After lunch, we cruised through Chatham Strait and found the whales that had earlier eluded us. Twelve or so humpbacks were spread out over a wide expanse of water, and we drifted among them in the sunshine, listening to their huge breath, laughing at the tail-lobbing antics of a youngster. As we turned the ship to begin our passage toward Sitka and the end of our time aboard the Sea Lion, a humpback breached twice, flinging its entire body into the air, spinning water from the tips of its fins. It was a spectacular sendoff for an amazing trip…. But then there was more!

After William Lopez-Forment’s lecture on Russian America, as we were turning from Chatham Strait into Peril Strait, folks on the bridge and the bow spotted a group of humpback whales that seemed to be in suspicious proximity to one another. Sure enough, once we got to Morris Reef, we had a chance to see an amazing sight: ten big humpback whales lunging up through a patch of water in tight formation, taking a few breaths, then diving en mass. Cooperative feeding.

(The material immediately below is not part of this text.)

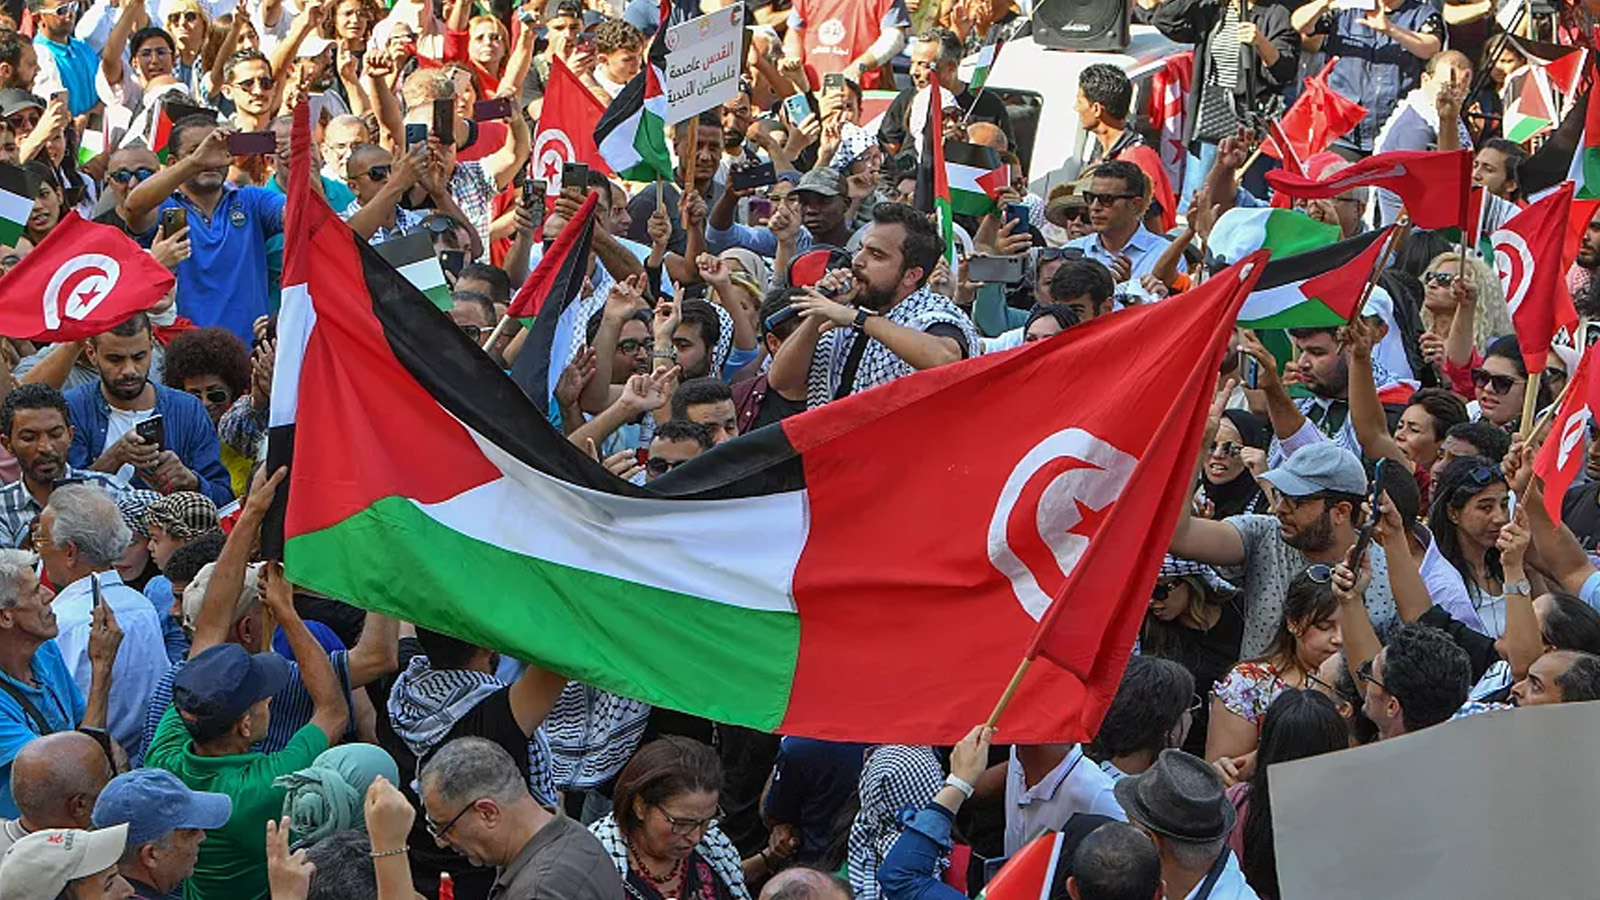 متظاهرون يرفعون الأعلام الفلسطينية والتونسية ويرددون شعارات خلال مظاهرة مناهضة لإسرائيل في تونس
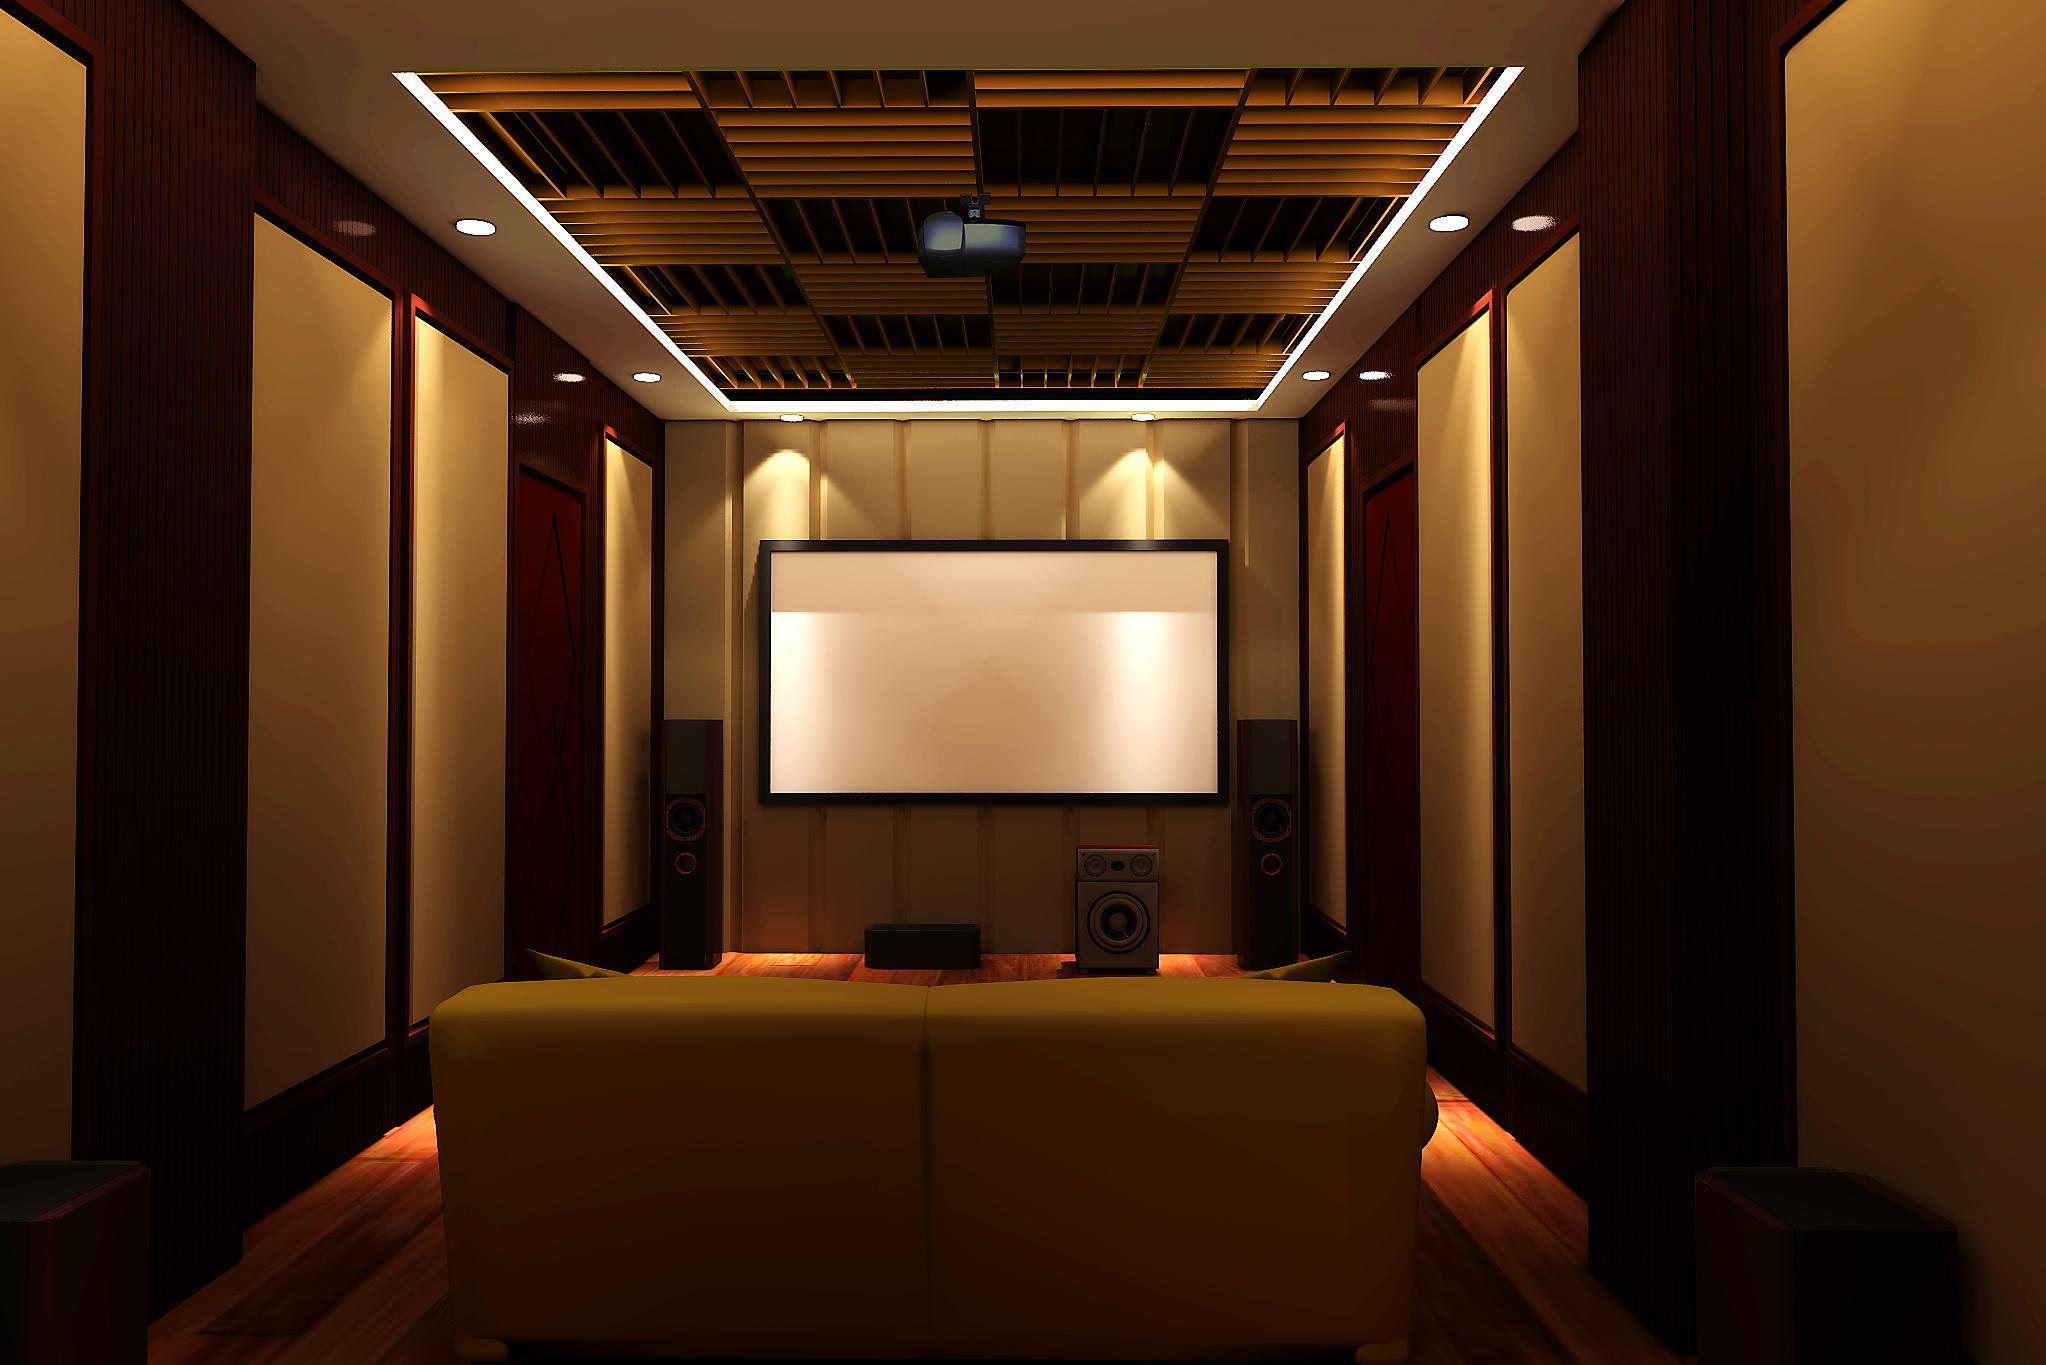 家庭影院相比,私家影院通常选用独立的影音室,并对室内进行专

We lowered the hydrophone to hear what was going on out of sight, and could distinguish at least two and perhaps three individual voices keening through the water, increasing in intensity until just before the entire group surfaced, mouths agape, ventral pleats ballooning out, fins and flukes waving in the air. This happened again and again – with the sounds shifting slightly – allowing us to begin to imagine what the surface of the ocean keeps from view. Perhaps this is a fitting last wonder for Alaska, as time in these waters allows us glimpses of the depth and wildness of this place, increasing not so much our familiarity as our awe.